--- INPUT DATA ---
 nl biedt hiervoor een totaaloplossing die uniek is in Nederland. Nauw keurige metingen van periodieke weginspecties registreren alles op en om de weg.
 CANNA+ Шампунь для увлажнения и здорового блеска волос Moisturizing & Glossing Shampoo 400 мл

...

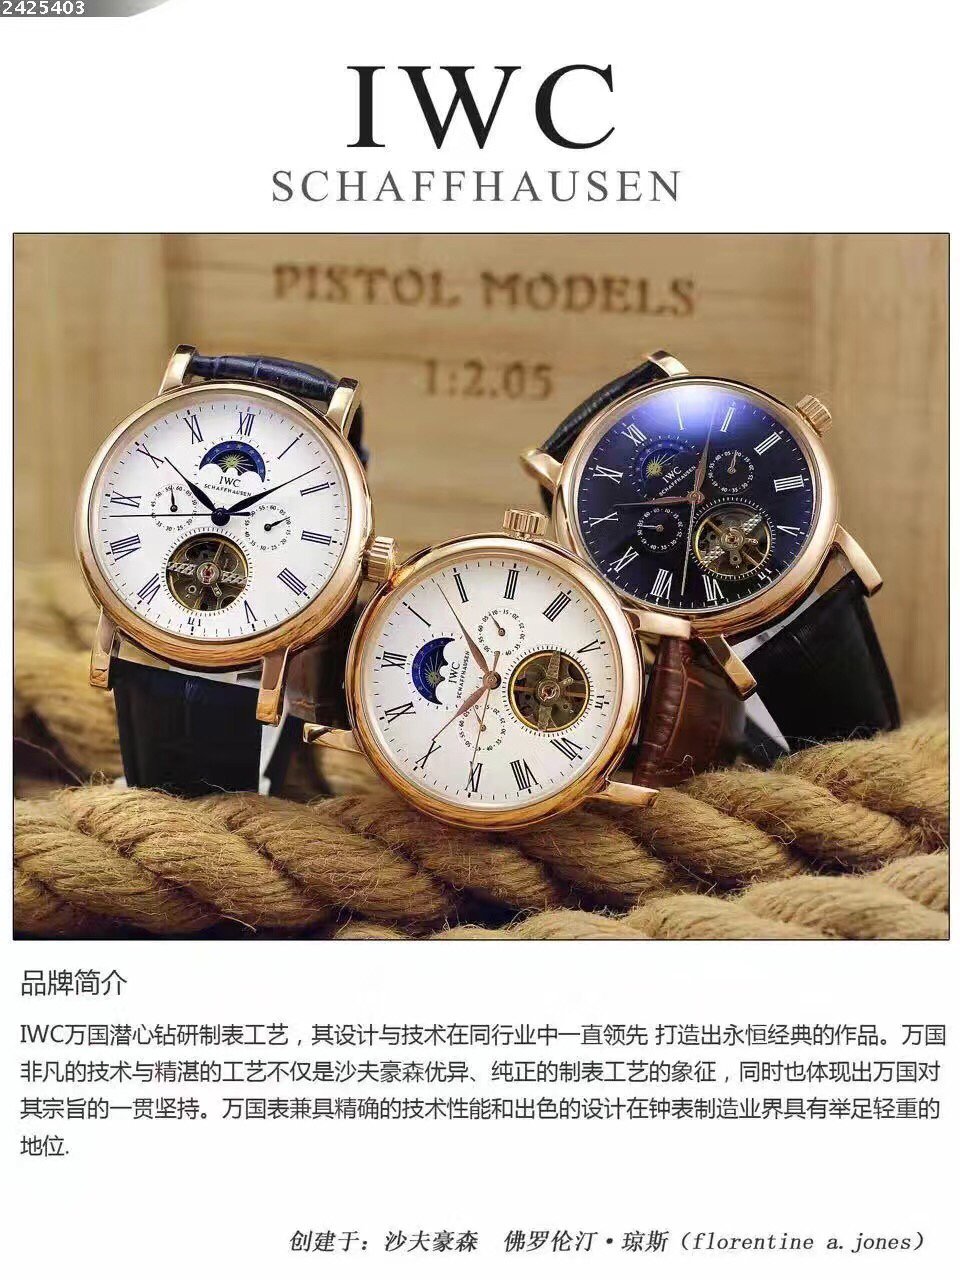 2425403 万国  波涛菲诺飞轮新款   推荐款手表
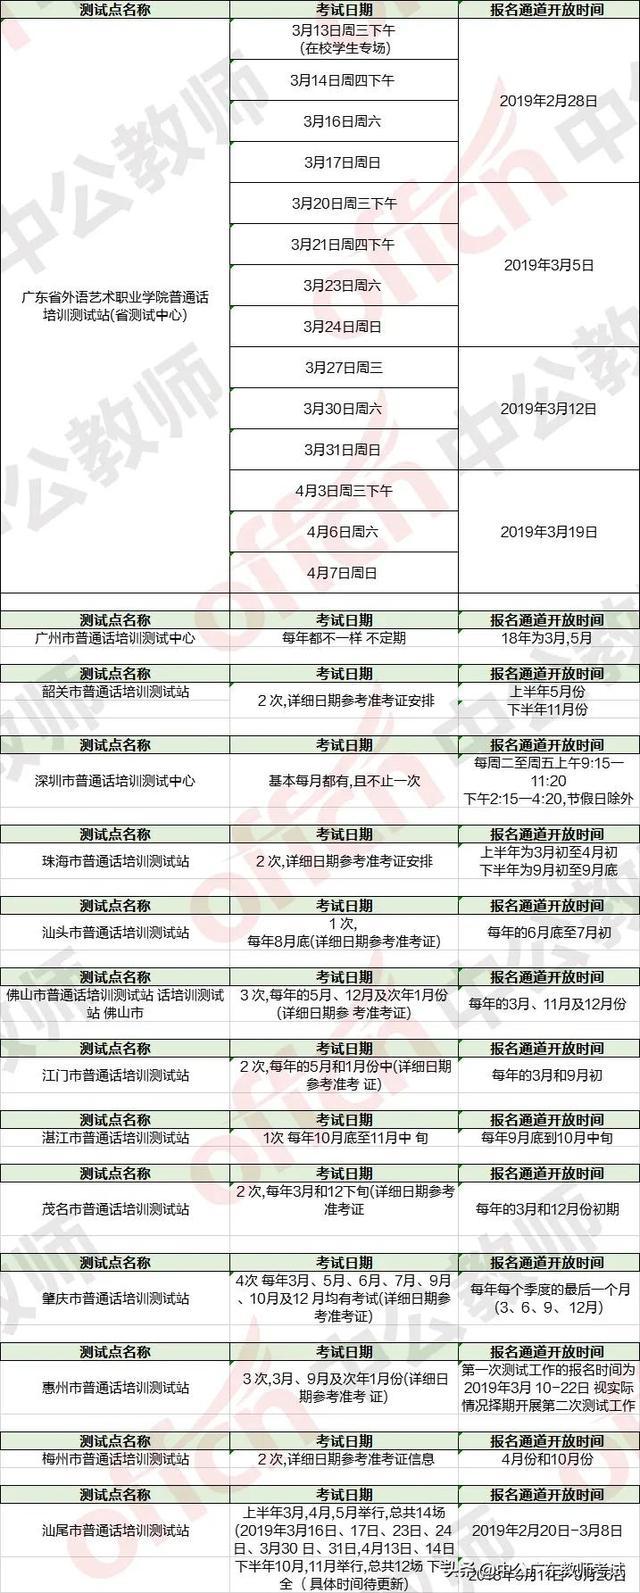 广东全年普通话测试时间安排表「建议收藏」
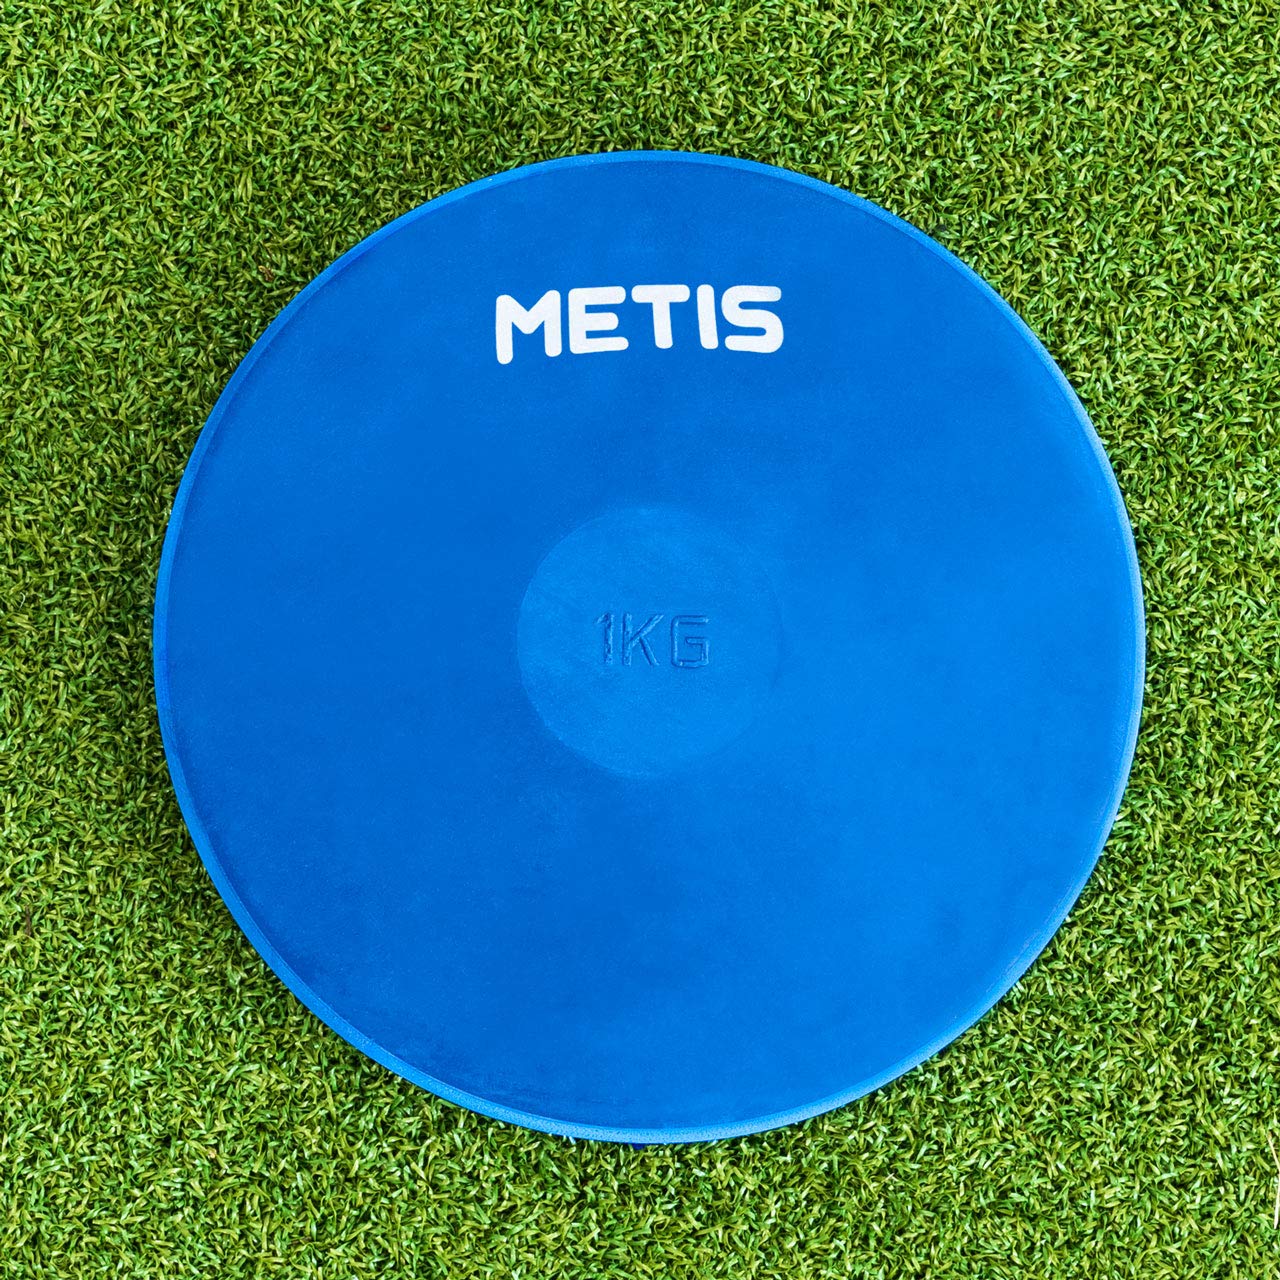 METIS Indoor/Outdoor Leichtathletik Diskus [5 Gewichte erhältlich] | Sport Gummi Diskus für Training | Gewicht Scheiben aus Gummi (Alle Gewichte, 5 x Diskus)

--- TASK BRIEF ---
The listing above holds a line with "nl biedt hiervoor" and a line with "CANNA+ Шампунь для". Print the stretch from the first through the second, exactly and alone.

--- SOLVED PROBLEM ---
 nl biedt hiervoor een totaaloplossing die uniek is in Nederland. Nauw keurige metingen van periodieke weginspecties registreren alles op en om de weg.
 CANNA+ Шампунь для увлажнения и здорового блеска волос Moisturizing & Glossing Shampoo 400 мл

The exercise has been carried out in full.